Top of Entries shown
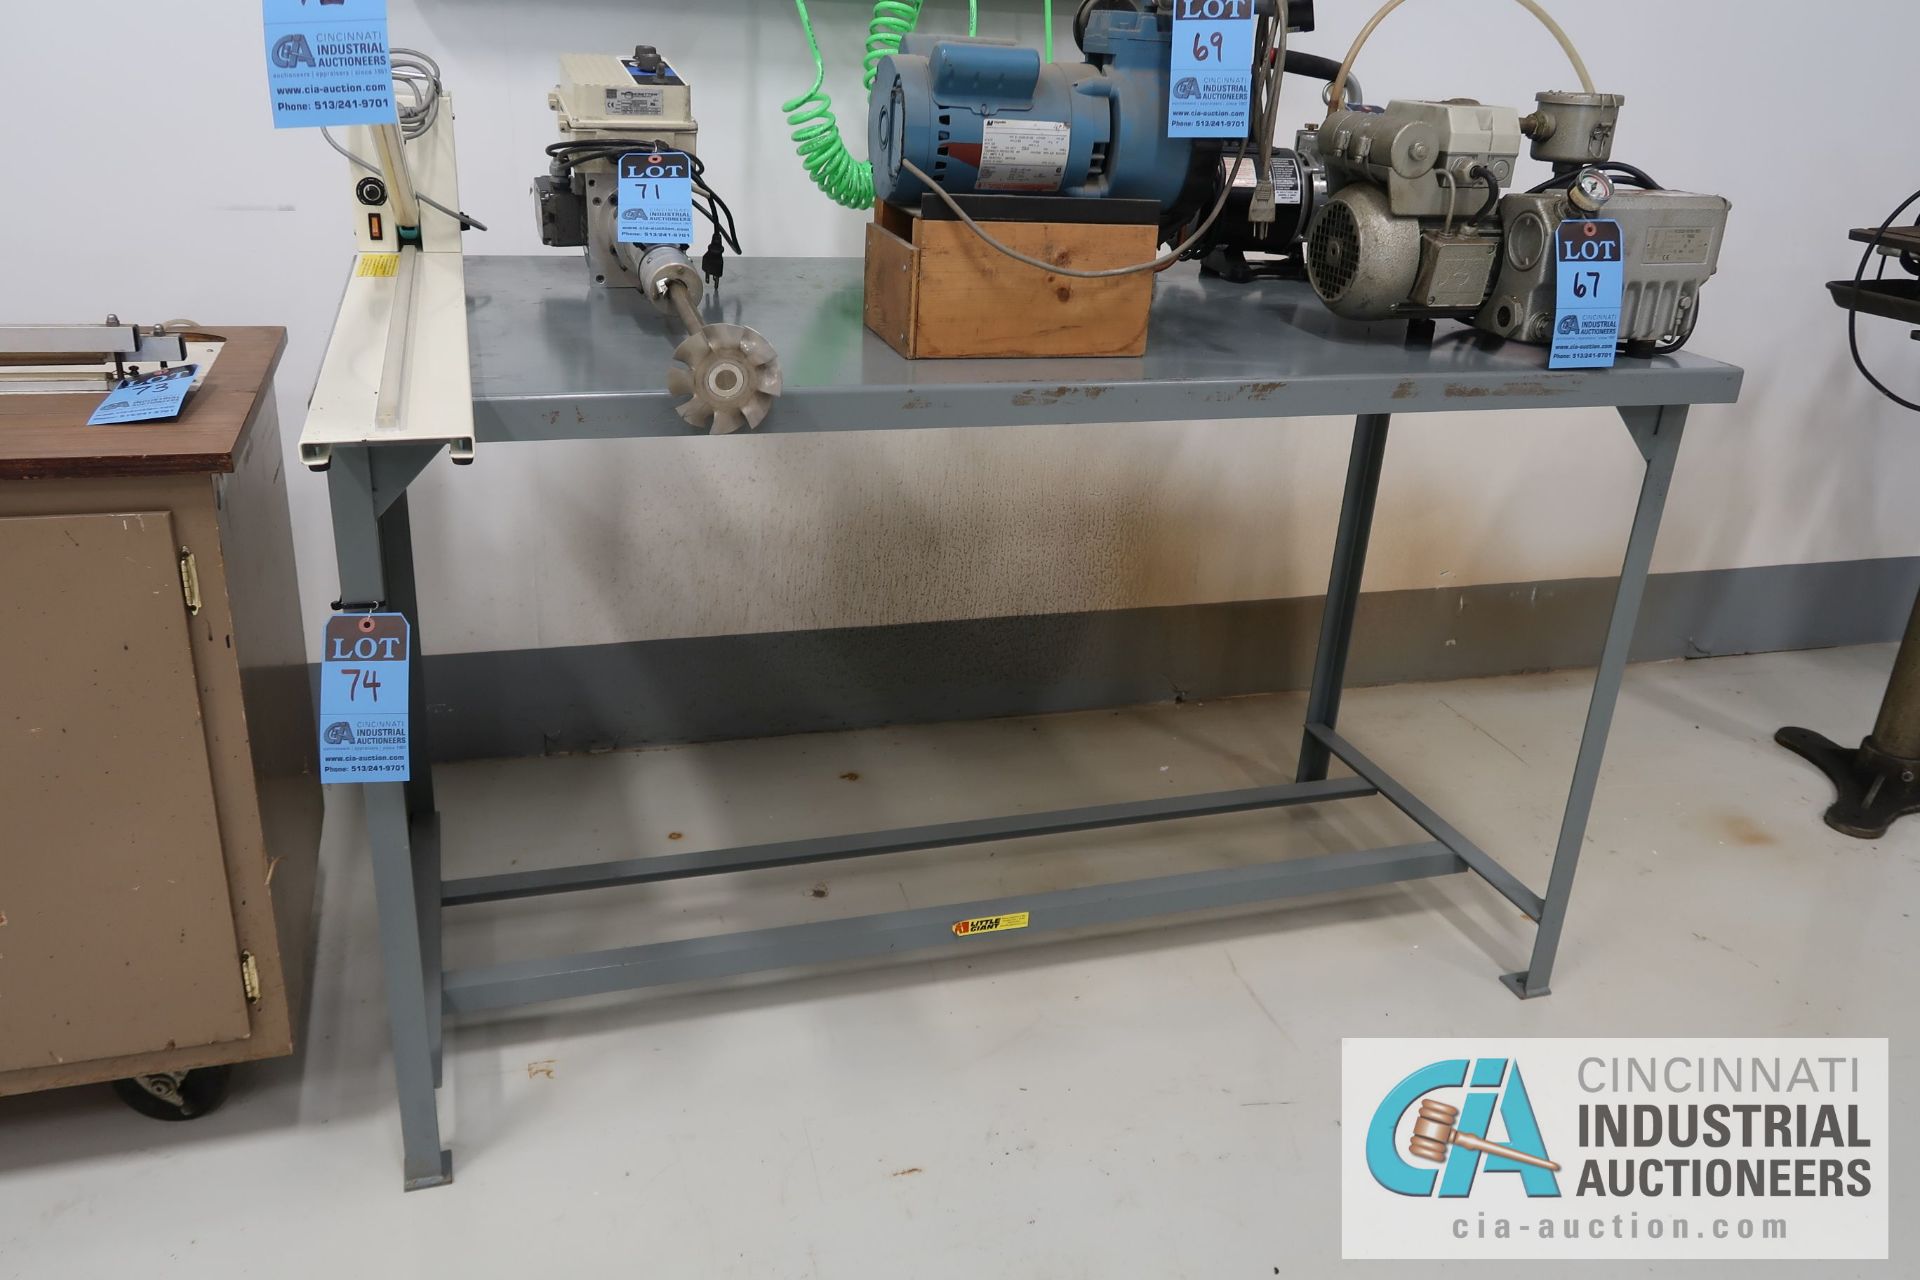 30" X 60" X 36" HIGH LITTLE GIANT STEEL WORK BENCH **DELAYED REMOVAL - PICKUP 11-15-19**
Bottom of Entries shown
Top of Entries shown
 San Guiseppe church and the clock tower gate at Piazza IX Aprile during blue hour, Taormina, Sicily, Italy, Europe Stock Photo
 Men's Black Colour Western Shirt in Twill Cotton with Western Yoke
Bottom of Entries shown
Top of Entries shown
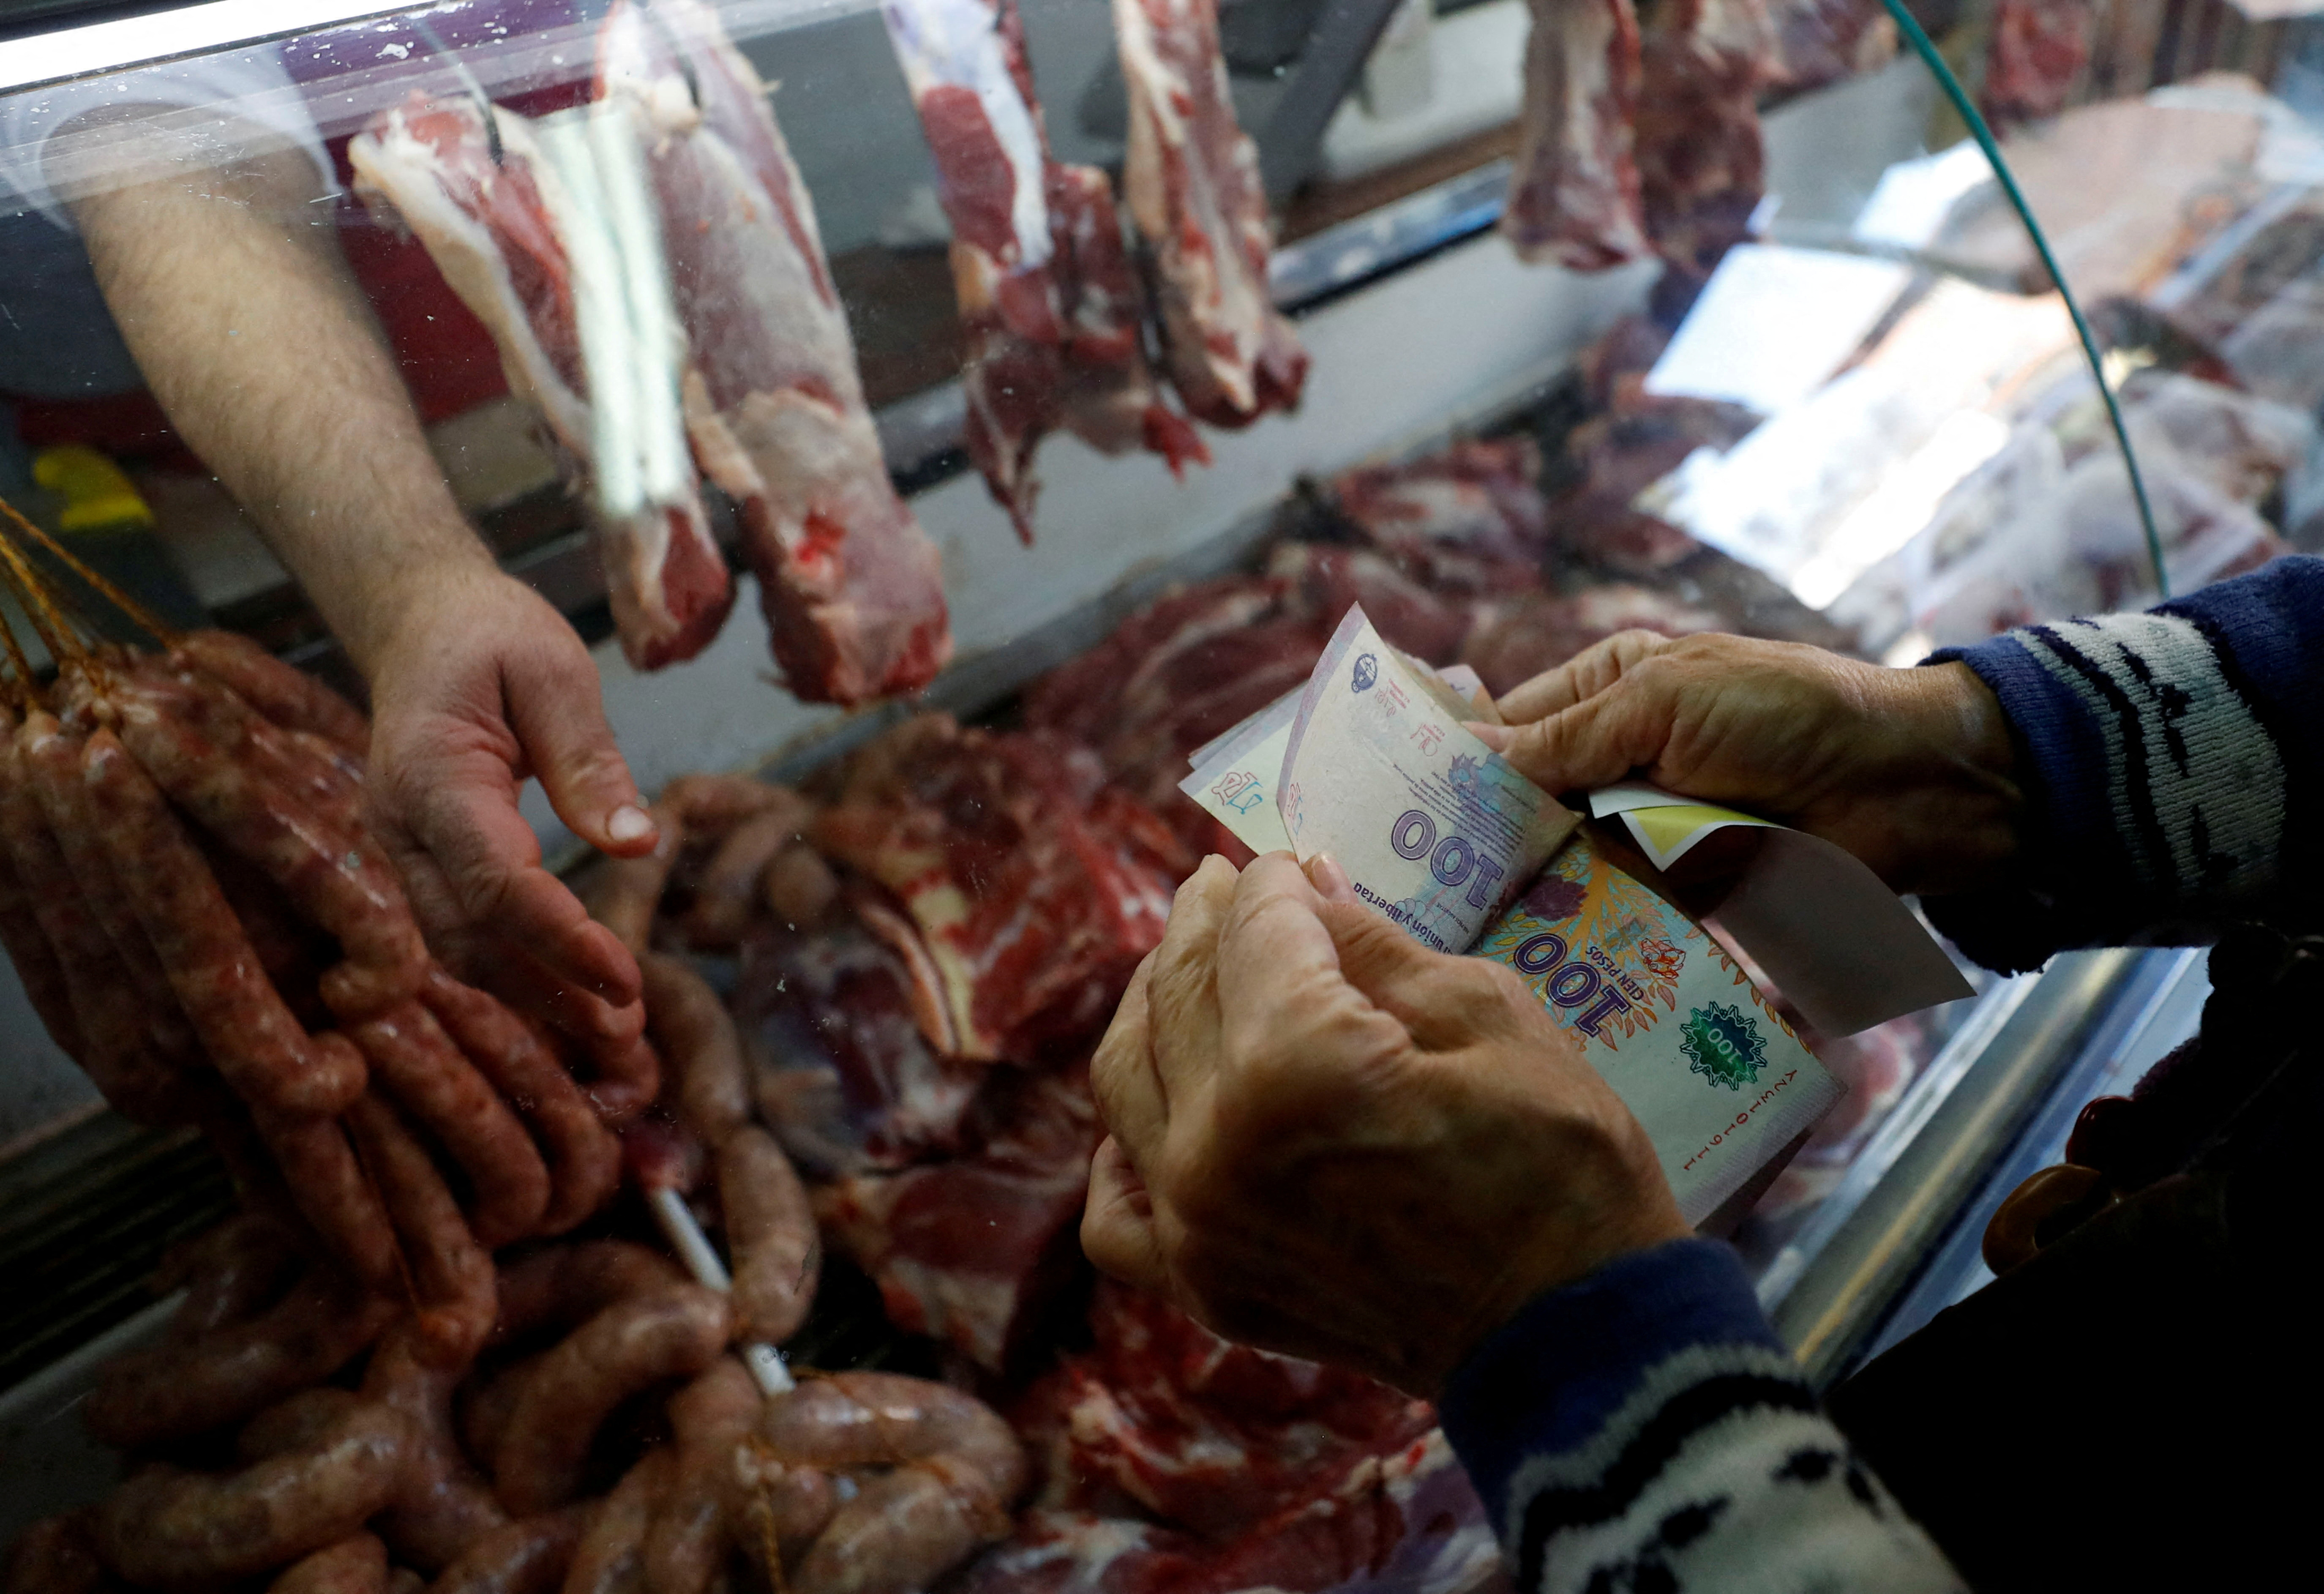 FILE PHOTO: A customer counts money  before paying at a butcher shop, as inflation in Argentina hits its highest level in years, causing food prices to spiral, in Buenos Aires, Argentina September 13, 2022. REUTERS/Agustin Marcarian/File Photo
Bottom of Entries shown
# Task goal:
In the listing above, find the line with "San Guiseppe church" and the line with "Men's Black Colour", then reproduce both and every line between them exactly.

# Answer for the task:
 San Guiseppe church and the clock tower gate at Piazza IX Aprile during blue hour, Taormina, Sicily, Italy, Europe Stock Photo
 Men's Black Colour Western Shirt in Twill Cotton with Western Yoke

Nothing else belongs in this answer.